To improve the reproducibility of NAS algorithms as well as reducing computing resource requirements, researchers proposed a series of NAS benchmarks such as NAS-Bench-101, NAS-Bench-201, NDS, etc. NNI provides a query interface for users to acquire these benchmarks. Within just a few lines of code, researcher are able to evaluate their NAS algorithms easily and fairly by utilizing these benchmarks.


  • Please prepare a folder to household all the benchmark databases. By default, it can be found at ${HOME}/.cache/nni/nasbenchmark. Or you can place it anywhere you like, and specify it in NASBENCHMARK_DIR via export NASBENCHMARK_DIR=/path/to/your/nasbenchmark before importing NNI.

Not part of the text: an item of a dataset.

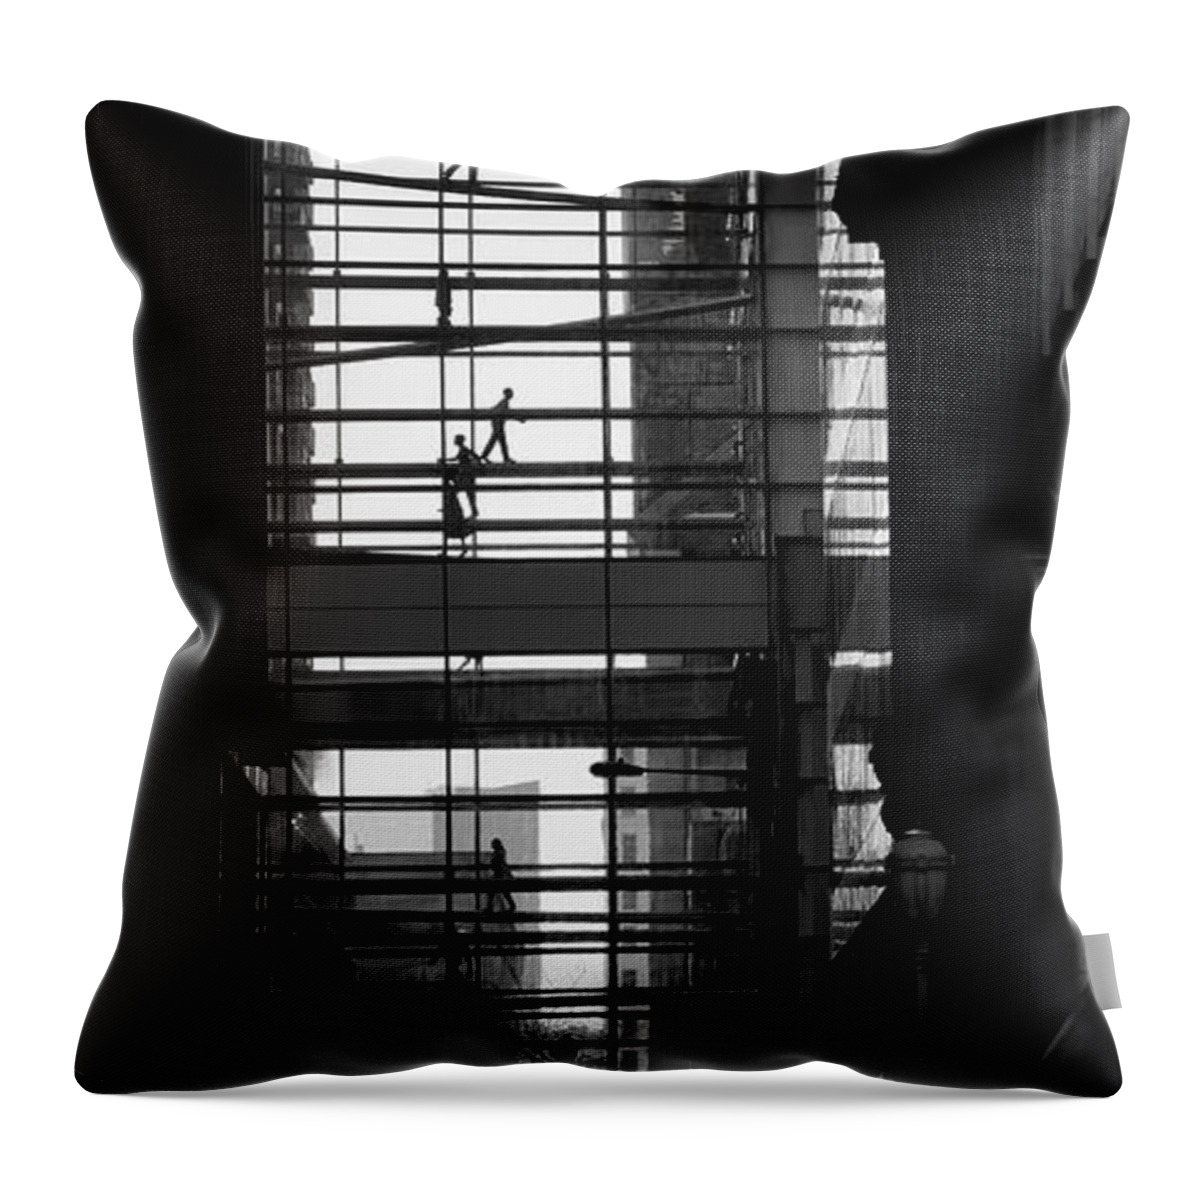 Concourse Throw Pillow featuring the photograph Walking by Marvin Spates

  • Please install peewee via pip3 install peewee, which NNI uses to connect to database.

Data Preparation

You can download the preprocessed benchmark files via python -m <benchmark_name>, where <benchmark_name> can be nasbench101, nasbench201, and etc. Add --help to the command for supported command line arguments.

Example Usages

Please refer to Github link: test/algo/nas/benchmark/ on how to test algorithms on NAS benchmarks.

Supported benchmarks


NAS-Bench-101 contains 423,624 unique neural networks, combined with 4 variations in number of epochs (4, 12, 36, 108), each of which is trained 3 times. It is a cell-wise search space, which constructs and stacks a cell by enumerating DAGs with at most 7 operators, and no more than 9 connections. All operators can be chosen from CONV3X3_BN_RELU, CONV1X1_BN_RELU and MAXPOOL3X3, except the first operator (always INPUT) and last operator (always OUTPUT).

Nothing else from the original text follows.